When I saw the picture of a Burqini in an article in _Time_ magazine recently, a number of thoughts swam through the mental ocean.  
  Laura Fitzpatrick writes:  


  "Since the full-coverage swimsuit dubbed the Burqini (as in burqa plus bikini) hit the international market in January, devout Muslim women have been snapping them up. The polyester suits were designed to accord with Islamic laws that require women to dress modestly and to eliminate the risk of drowning when the yards of fabric used in traditional burqas get soaked. Now, however, non-Muslim beachgoers are getting into the full-covered swim. Whether women are worried about health, weight or the tolls of age, the Burqini offers a comfortable alternative to a skimpy two-piece or clingy maillot". 


  With the freestyle stroke, Burkini became SwimBana  -  the perfect swimwear for Sikh women of all ages. One more stumbling block turned into a stepping stone. 


  We have borrowed a lot from the Muslim culture. The best examples are the dome architecture of our gurdwaras, salvaar kameez, and many other things which are used interchangeably in both cultures. Hence, no cultural clashes here. Just the _sangam_ -  the perfect blend of the two - once again.  
  The sight of my daughter, Jaskeerat, who is a senior in high school, with her first SwimBana on, swimming in the ocean with dad, floating on the salt water, looking at the blue sky, watching the soaring seagulls doing simran in unison in their own language, gave the aura of the perfect Sadh Sangat between Jaskeerat, myself and the birds of a feather. 
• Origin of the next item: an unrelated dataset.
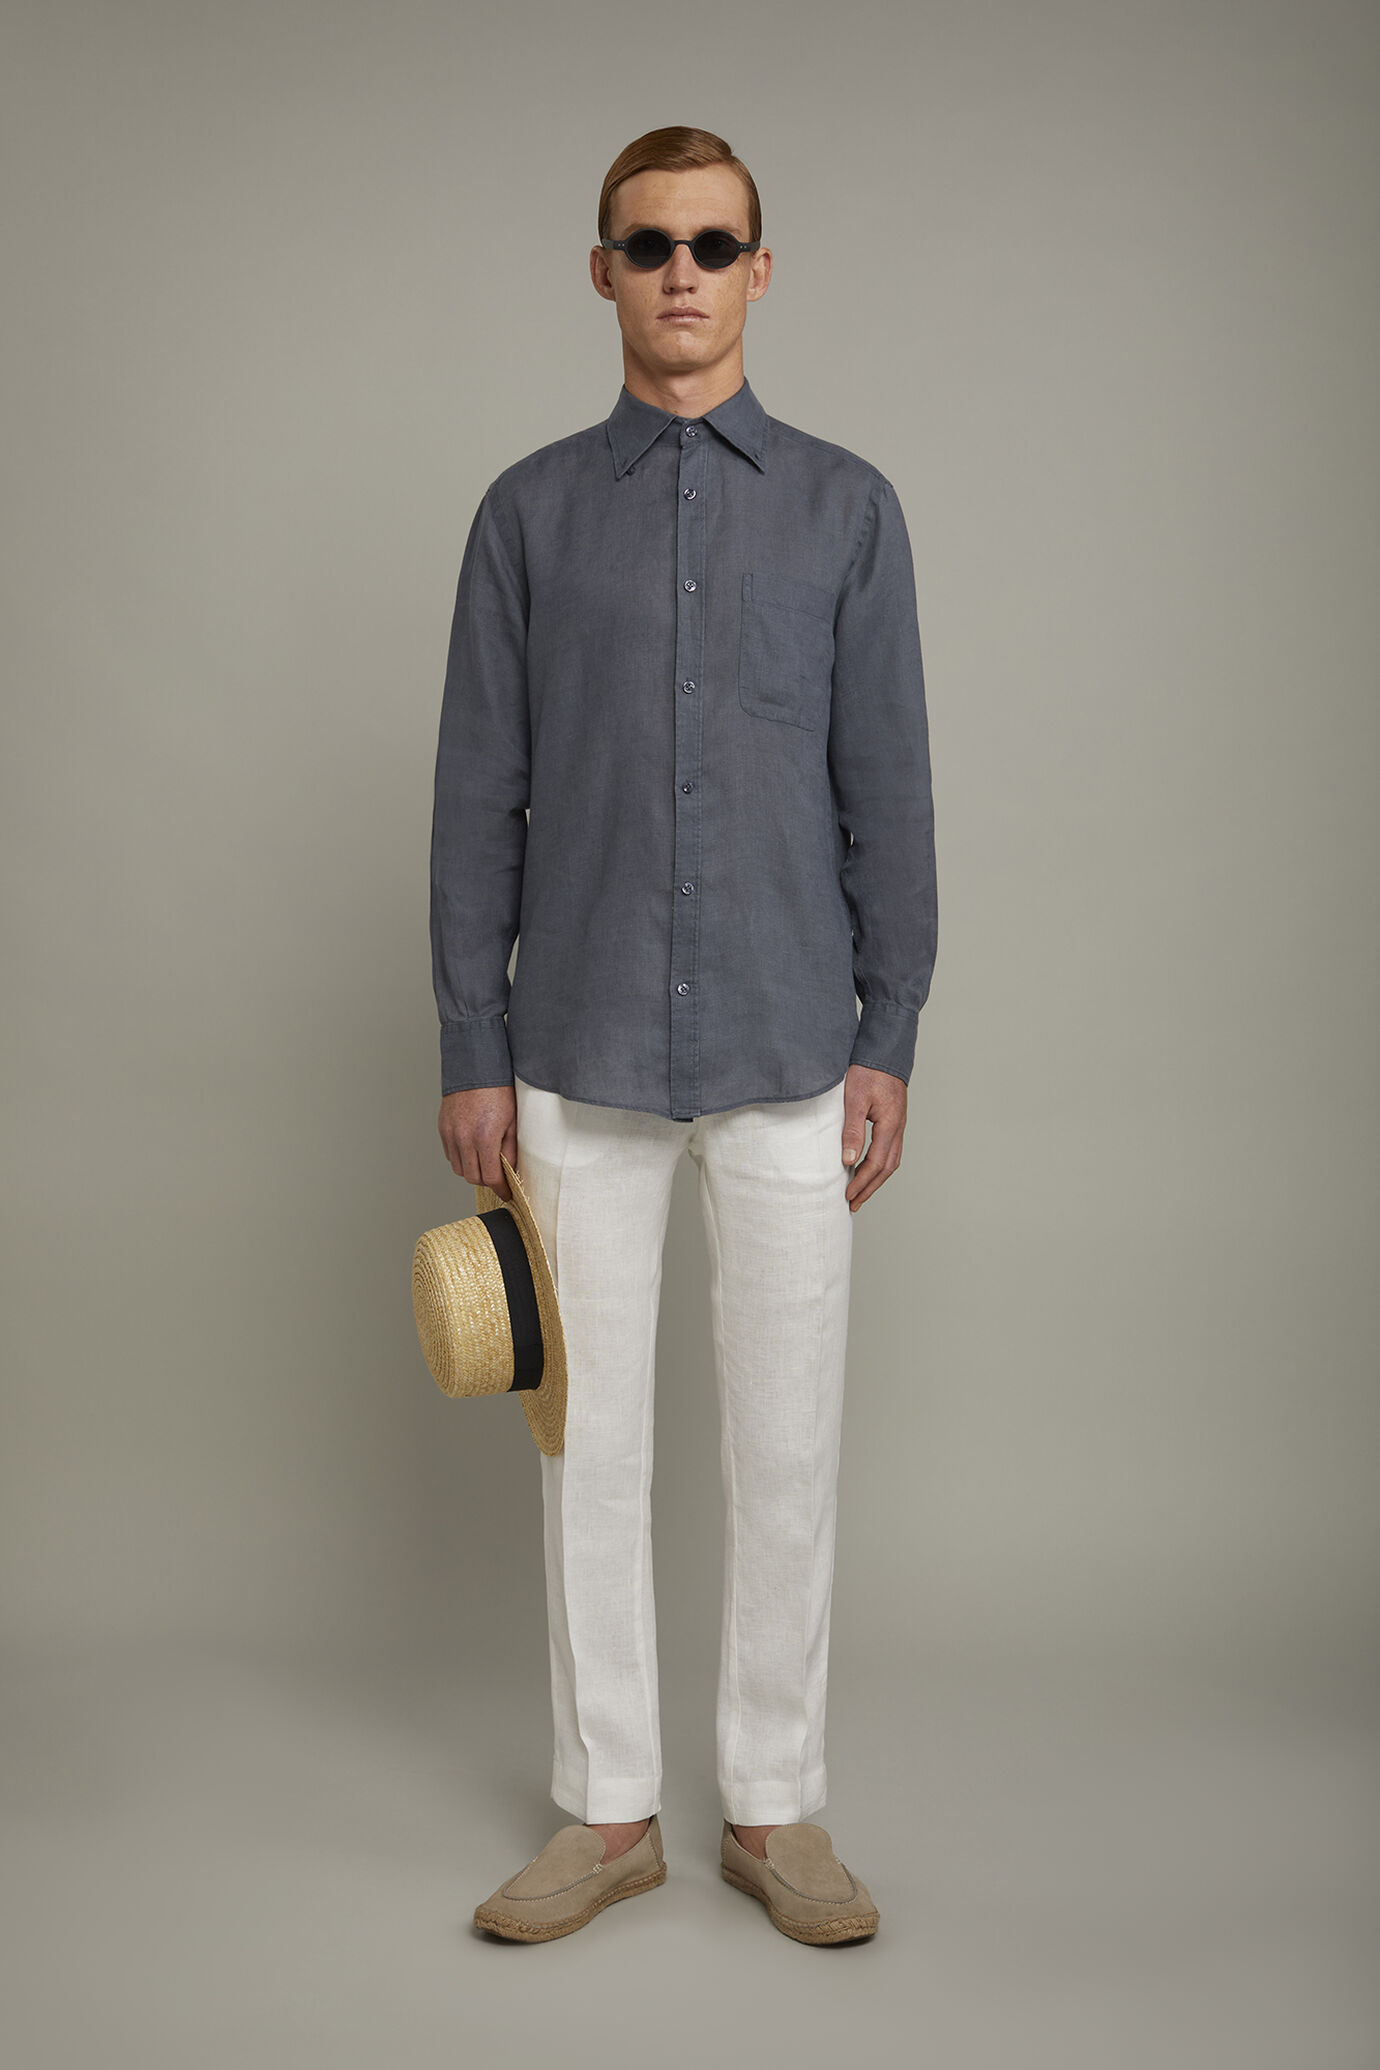 Pantalone chino 100% lino regular fit image number 0

  The relationship between the daughter and the father is unique. I was there when she was in a hurry to come out of her mom's womb into this new world. It took her ten hours to complete this journey. A few moments before, she was floating in the ocean rapids of the  womb. Now, she was on the solid ground of her mom's arms and feeling the warmth of her bosom for the first time. 
  She experienced this metamorphosis like any other newborn. We adults are alien to that. We slap the baby's bottom and hear her scream while she is gulping in her first breath of oxygen. Her cry becomes our joy. The umbilical cord is cut off. 
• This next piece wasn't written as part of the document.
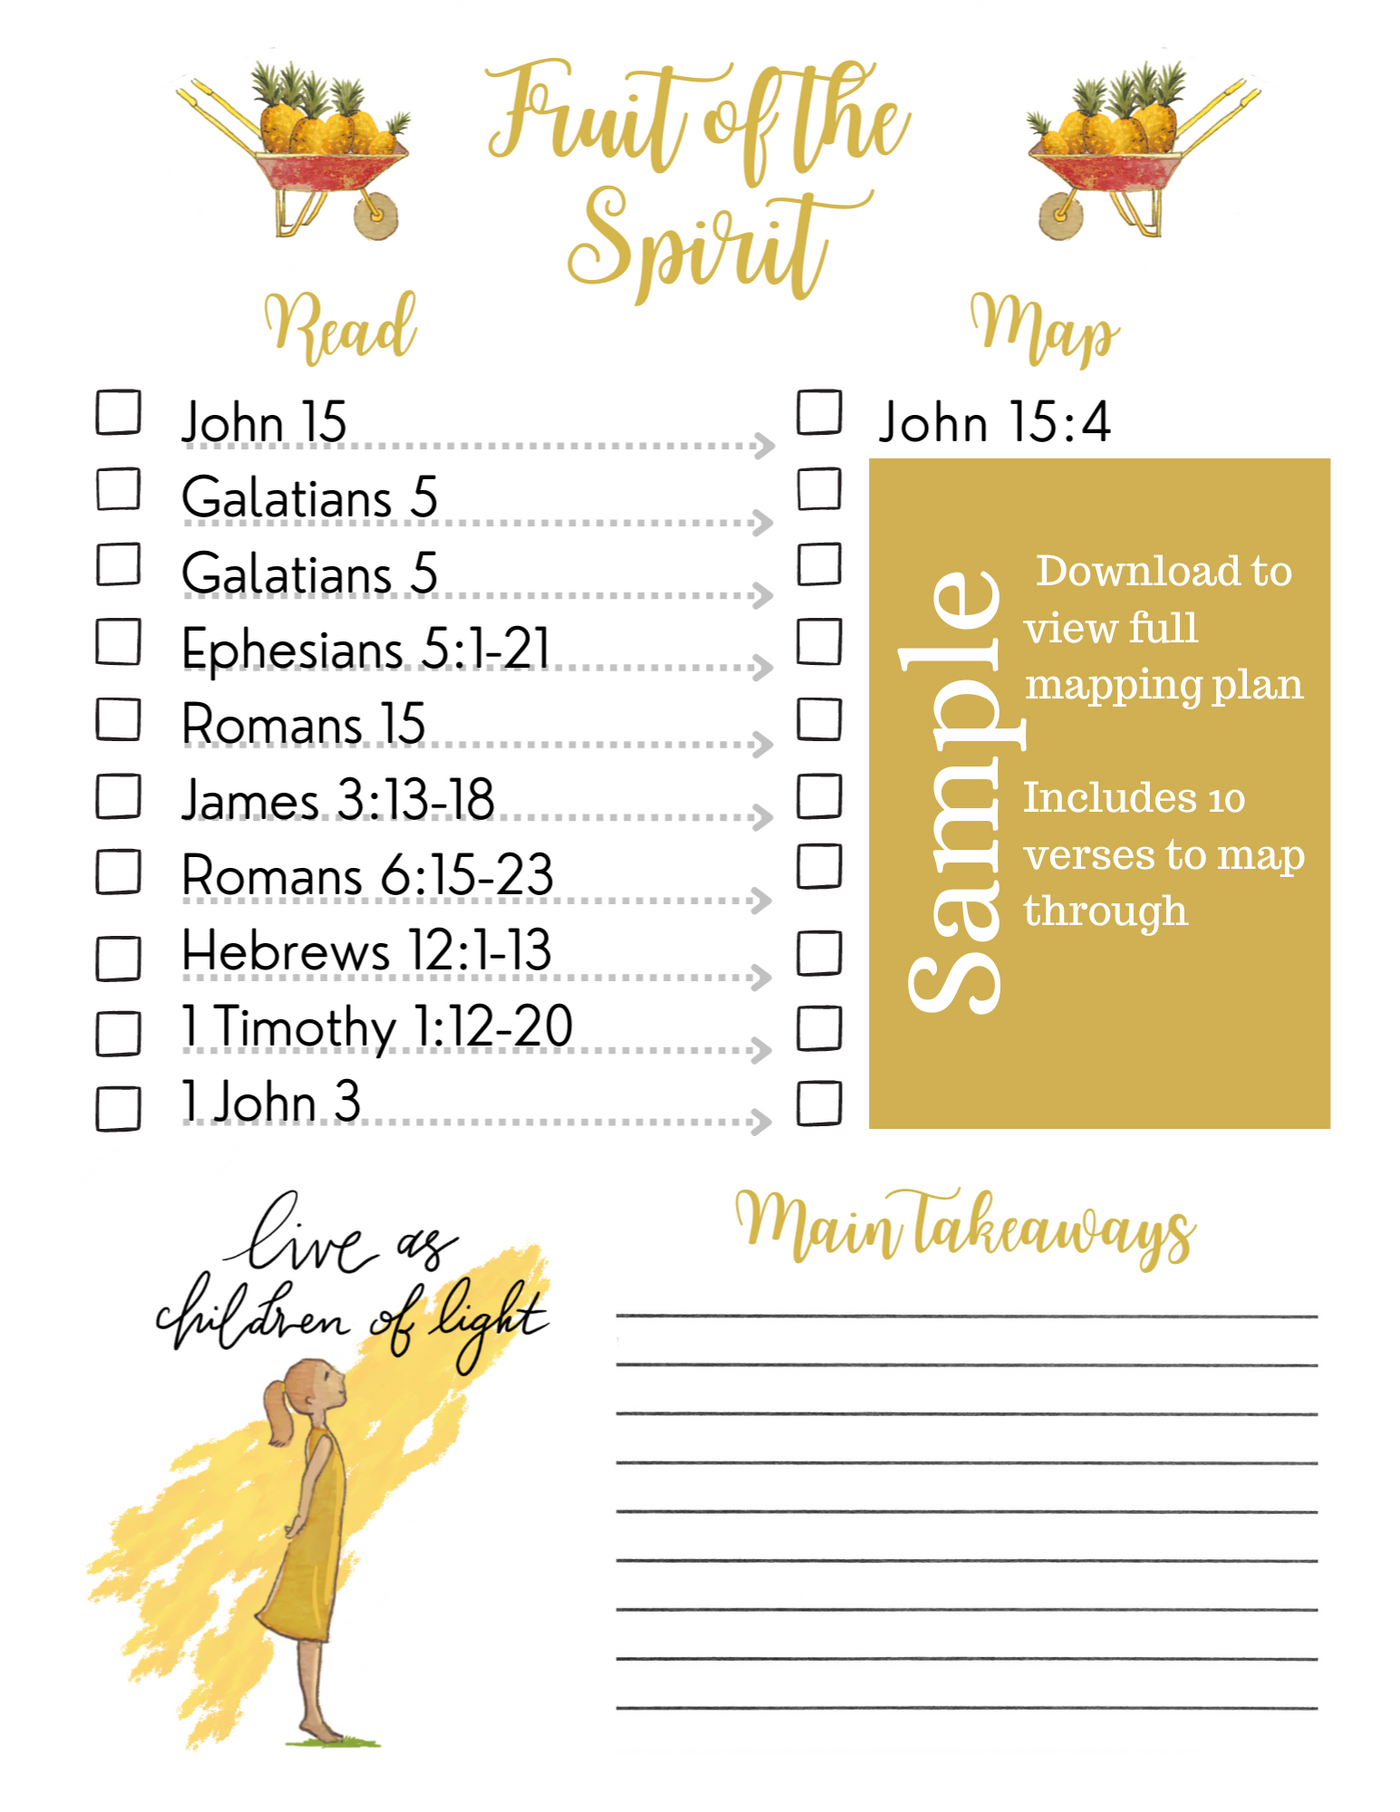 'Fruit of the Spirit' Verse Mapping Plan

  Nature  -  the forces and processes that collectively control the phenomena of the physical world independently of human volition or intervention, sometimes personified as a woman called "Mother Nature"   -  and Nurture ballet together, when mom puts the little girl on her chest and offers her the first succulent little gulp of breast milk. 


  Thus restarts the everlasting bond between the two, which had taken root at conception.  


  The first cry also morphs into an invisible umbilical cord attached between daughter and dad, through which both get nurtured for the rest of their lives. It is interesting to notice how we adults and the newborn acknowledge this from the two opposite ends of the same spectrum. 
  "Hello World!" cries the newborn and then hides herself for some more nurturing.  


  Happiness is difficult to express.  


  It is like _gungei ki mithiai_ -  the expression of joy on a mute person's face when she is savoring her favorite candy.  
  What a perfect metaphor!  


  Gungei ki mithiai: the look on Stephen Hawking's face when he got rid of his wheelchair for the first time after four decades, for a few moments, to experience the freedom of zero gravity. A picture is worth a thousand words. Hawking called the experience "amazing", exclaiming: "I could have gone on and on - space, here I come". 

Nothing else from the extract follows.